Hiç herhangi bir hayvanı doğum yaparken izlediniz mi? Ben ilk deneyimimi lise yıllarında yaşadım. Yatılı okulumuzda bir kedi geldi ve yatakhane dolaplarımızdan birine yerleşti. Bir süre sonra, bir akşam, tuhaf bir şeyler olmaya başladı ve kedimizin hamile olduğunu ve doğum yapmak üzere olduğunu fark ettik. Gayet sakin bir şekilde, bağrış çağrış olmadan, önce bir yavrusunu doğurdu, göbek kordonunu dişleri ile kesti, yavruyu bir güzel yalayarak temizledi ve kenara koydu. Bu yavruya ait olan eş az sonra geldi ve anne bunu yedi. Aslında çok mantıklı bir doğa olayına şahit olmuştuk. Yavruları nedeniyle yiyecek peşine düşemeyecek anne için bu gelen eş iyi bir besin olmalı. Üstelik etraf da batmamıştı. Bu şekilde anne kedimiz üç yavru dünyaya getirdi.
Daha sonra çok sayıda insan doğumuna da şahit oldum. Aradaki en büyük farkın kedinin bu işi kendi başına, sessiz sakin, kimsenin yardımına gereksinim duymadan başarması olduğunu fark ettim. Doğa belgesellerinde diğer hayvanların doğurmalarını da izledim ve hiçbirinde annelerin aşırı ağrı çektiklerini gösteren belirtilere rastlamadım. Oysa ki insanlarda doğum sancısı bilinen en şiddetli ağrı olarak tanımlanıyor. Hayvanların ağrı eşiği mi farklı, yoksa aldırmıyorlar mı, bilmek zor, zira hayvanlarda da yavrunun dışarıya çıkabilmesi için anne rahminin kasılması gerekiyor.

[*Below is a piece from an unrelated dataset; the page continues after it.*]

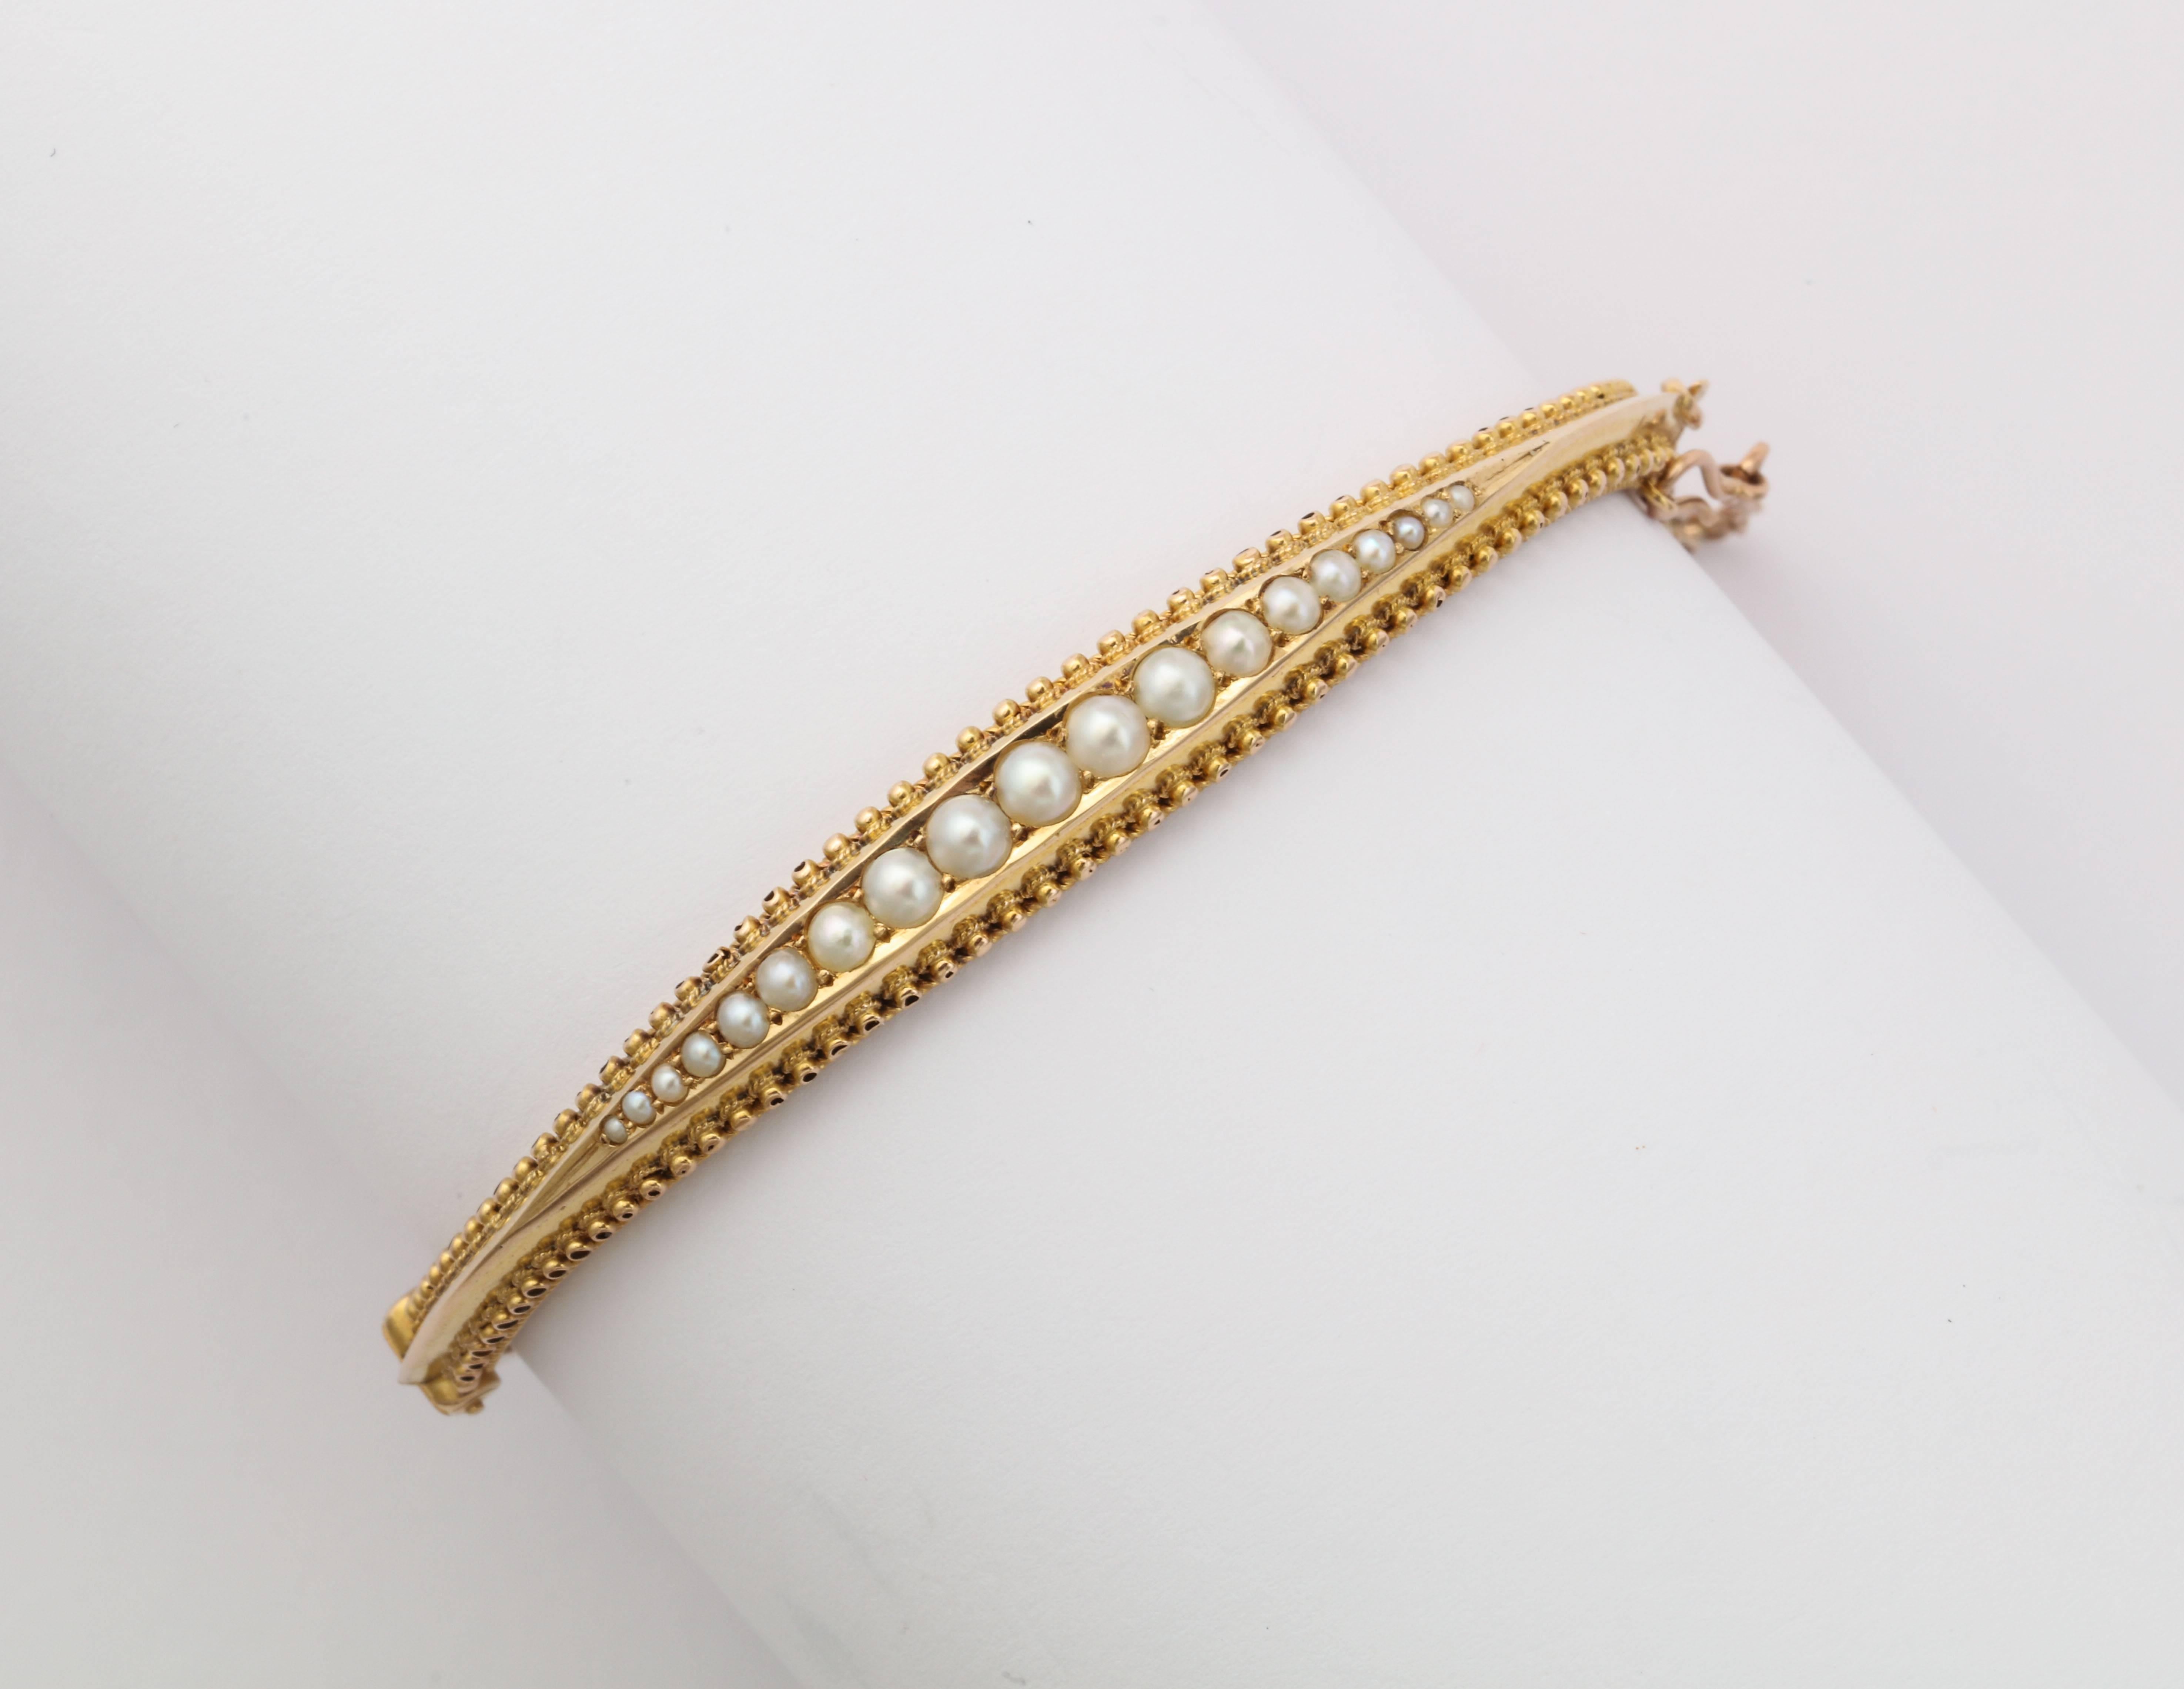 This glowing, beautifully made jewel of a bracelet in 15kt gold, is set with nineteen graduated natural freshwater pearls that are perfectly matched.  The design is timeless and modern though it was created early in the 20th century. At the north

Peki insanın yavrulaması neden bu kadar zahmetli? Dünya Sağlık Örgütü verilerine göre her gün dünyada bine yakın kadın doğumda ve buna bağlı komplikasyonlar nedeniyle hayatını kaybediyor. Bu konuda kafa yoranların en çok üzerinde durdukları konu iki ayağımızın üzerine dikilmiş olmamız. Yürümeye çalışırken kalça kemiklerinin ve doğum kanalının değiştiği varsayılıyor. Diğer canlılarda bu kanal oldukça düz iken insanda kalça daralmış ve doğum kanalı şekil değiştirmiş. Beraberinde boy uzamış, kollar kısalmış ve beyin büyümüş. Anne karnındaki bebeğin de beyninin büyüdüğü varsayılıyor.
Bu her şeyi açıklamıyor elbette, çünkü bu değişim milyonlarca yıl önce olmuş. Muhtemelen doğum o dönemlerde bu kadar zor olmuyordu. Yaklaşık on bin yıl önce, insanlar tarıma başladığında sorunların arttığını ileri süren hipotezler de var. Karbonhidrat ağırlıklı beslenen çiftçilerin boyları, protein ağırlıklı beslenen avcı atalarına göre kısalmış. Kadın kalça genişliği de boy ile orantılı olduğundan doğum daha güç bir hale gelmeye başlamış. Buna daha çok beslenildiği için daha büyük bebeklerin oluşmaya başladığı da ekleniyor.
İleri sürülen görüşlerden biri de insan yavrularının diğer canlılara göre daha erken ve olgunlaşmamış olarak doğuyor olması. Gerçekten de diğer canlıların yavruları hemen ayağa kalkıp yürüyor ve anneye bağımlılıkları çok kısa sürüyor. İnsan yavrusu ise bir yaşında zar zor yürüyor ve uzun süre de beslenmesi gerekiyor. Söylenti o ki hamilelik süresi daha uzun olsaydı bebek daha da büyüyecek ve doğum da o kadar zorlaşacaktı. Sanki bu da evrimin bir parçası. Doğumda insan yavrusunun beyni yüzde 25 gelişmişken bu oran diğer primatlarda yüzde 50 civarında.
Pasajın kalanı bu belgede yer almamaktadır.